Seat, not developer, is the attribution unit. Cody’s audit log records that a seat issued a call but not how much spend each consumed, especially under BYO-model where the invoice arrives from OpenAI or Anthropic against your contract. Finance asks who drove the $40K bump last month; the seat view answers “1,800 developers each had a seat.”
Two kinds of model calls per turn, only one is the LLM call. Every Cody invocation triggers an embedding call, code-search calls against the Sourcegraph index, and an LLM call with the retrieved context. On a Cody-on-Anthropic deployment with Voyage embeddings, the embedding line is 18-25 percent of total model spend. A gateway that captures only the LLM lane hides a fifth of the bill.
On-prem Cody has no story for the side traffic.

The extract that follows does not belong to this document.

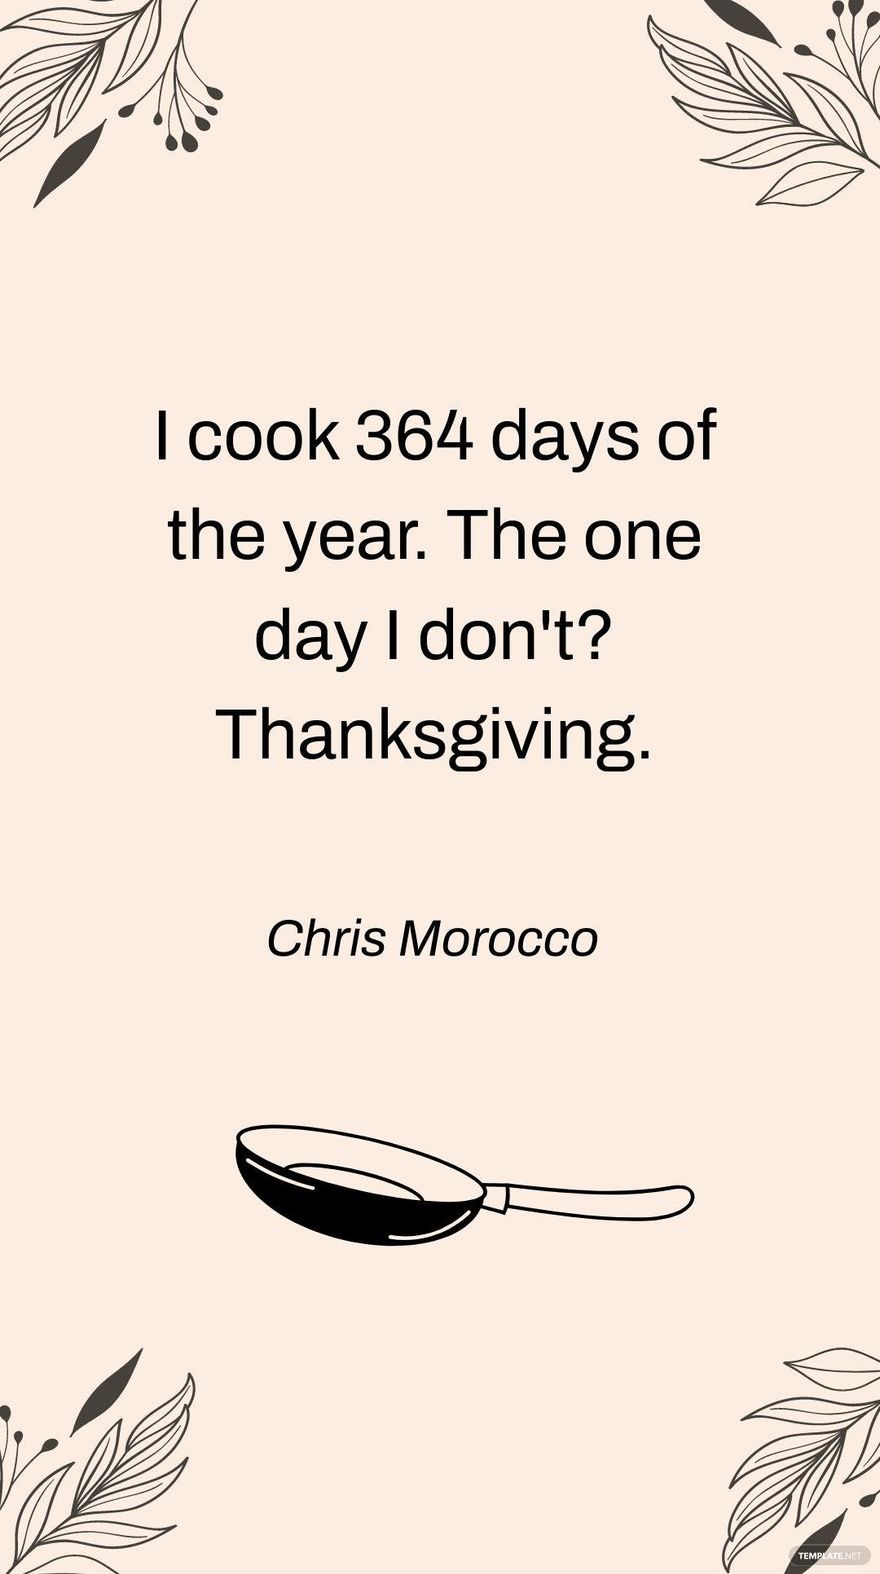 Free Chris Morocco - I cook 364 days of the year. The one day I don't? Thanksgiving. in JPG

The LLM provider call is the only call crossing the network boundary, and the Cody admin console gives no clean per-call or per-developer breakdown. Without a gateway on the hop, the on-prem deployment has worse observability than SaaS did.
The audit log records intent, not content. Sourcegraph’s log captures seat, repo scope, and content-exclusion decisions, not the prompt or completion. A SOC 2 auditor asking “show every prompt that left the network in March from Capital Markets” gets a half answer; the gateway sees the full payload.

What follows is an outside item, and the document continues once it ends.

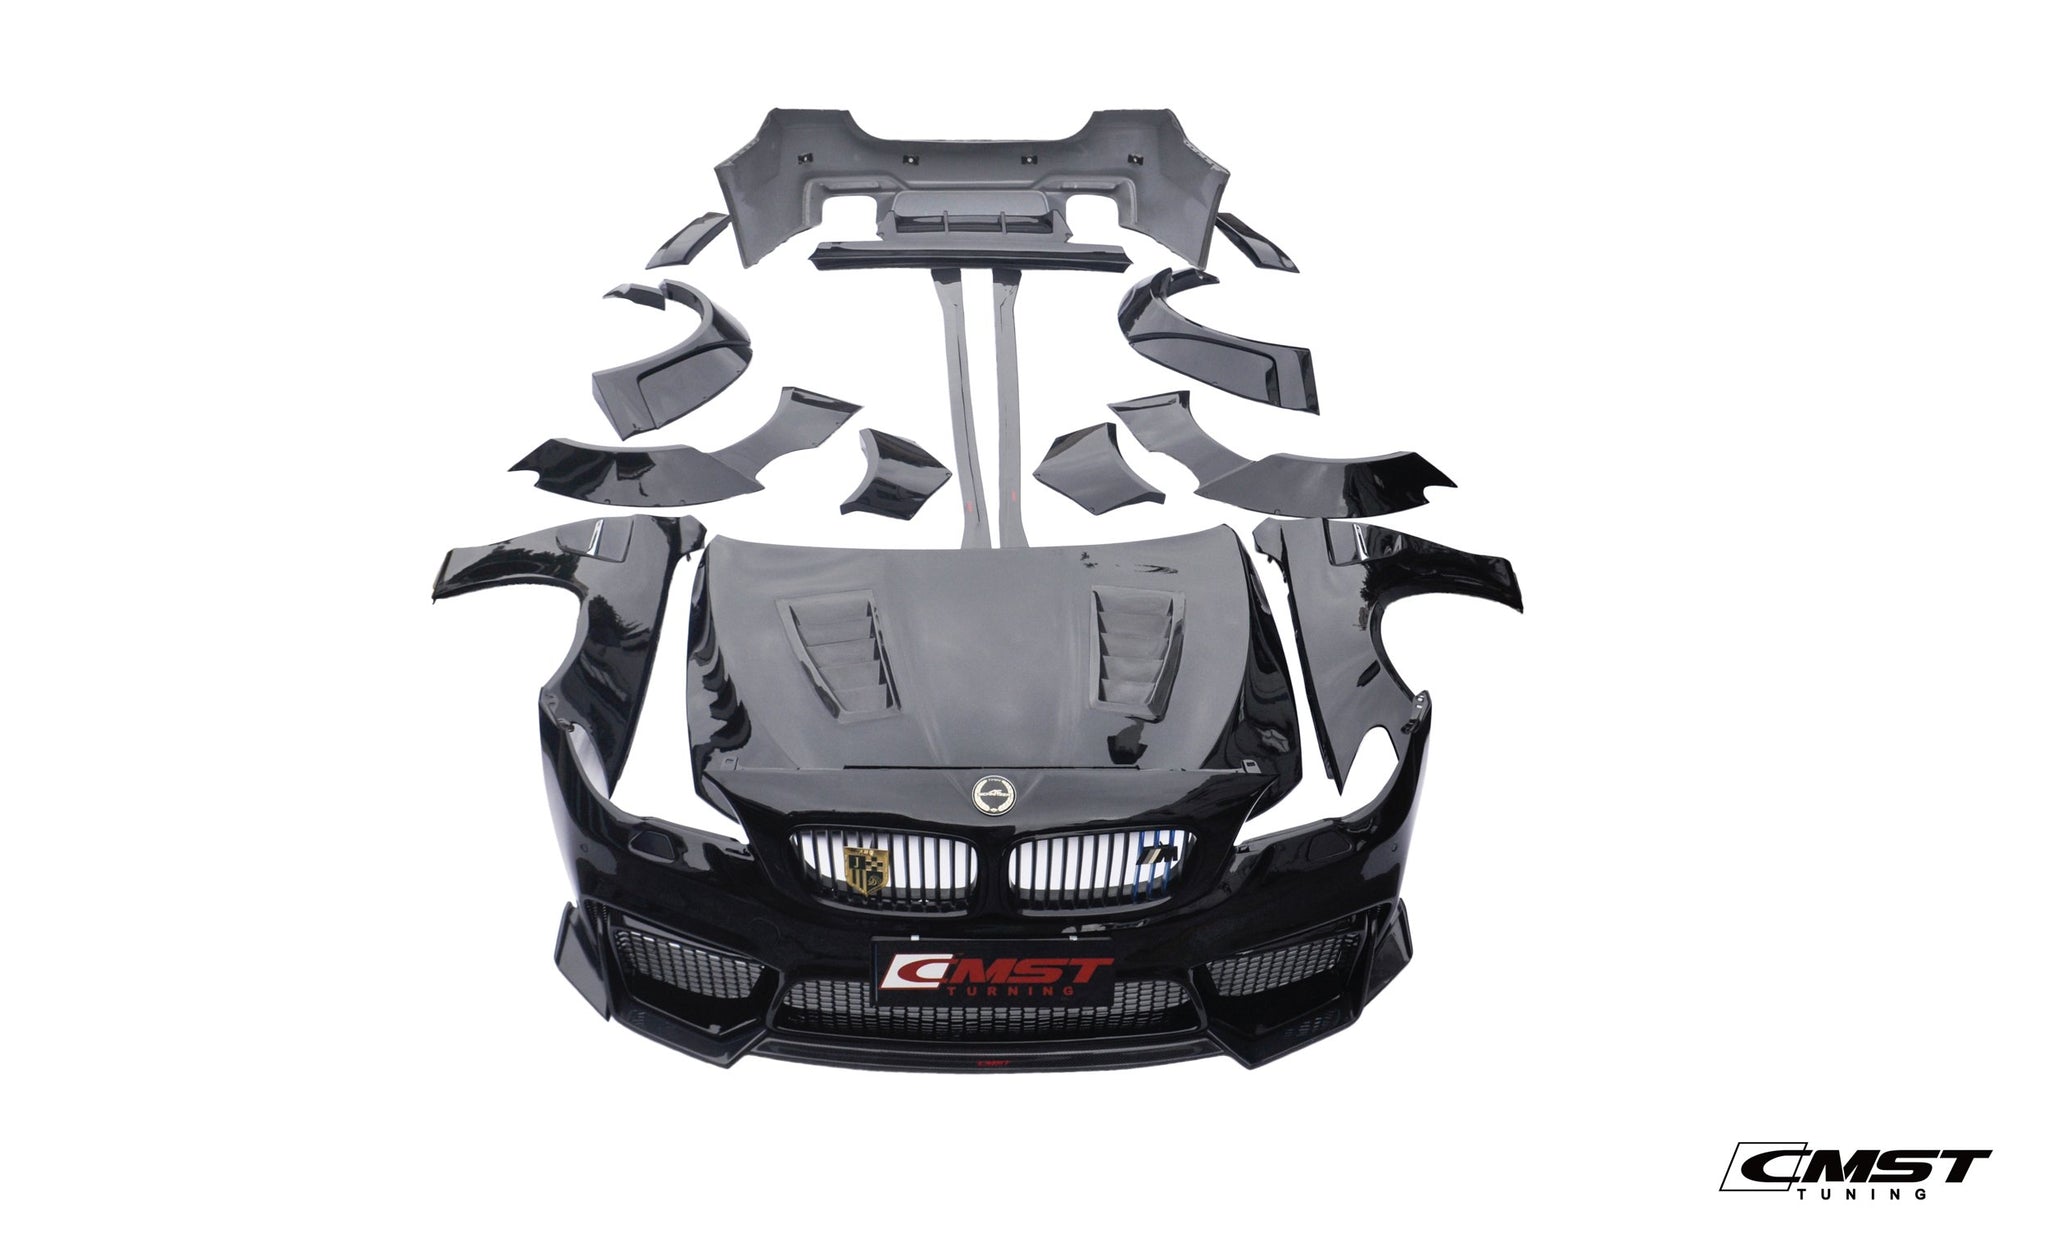 Check our price and buy CMST Carbon Fiber Body Kit set for BMW 5 Series F10/F18!

BYO-model removes Sourcegraph from the data path. When BYO model is on, Cody calls your OpenAI or Anthropic deployment under your contract; Sourcegraph is no longer the data processor. Without a gateway, the enterprise has improved its contract posture and degraded observability in the same change.
A gateway between Cody and the model provider (and embedding provider, where supported) addresses all five.
The 7 axes we score on
The generic axes (provider count, routing, fallback, dashboards) miss the retrieval pipeline, the on-prem deployment shape, and the seat-model attribution problem. We replaced them with seven axes that map to what a CISO, a finance lead, and a Sourcegraph admin ask for.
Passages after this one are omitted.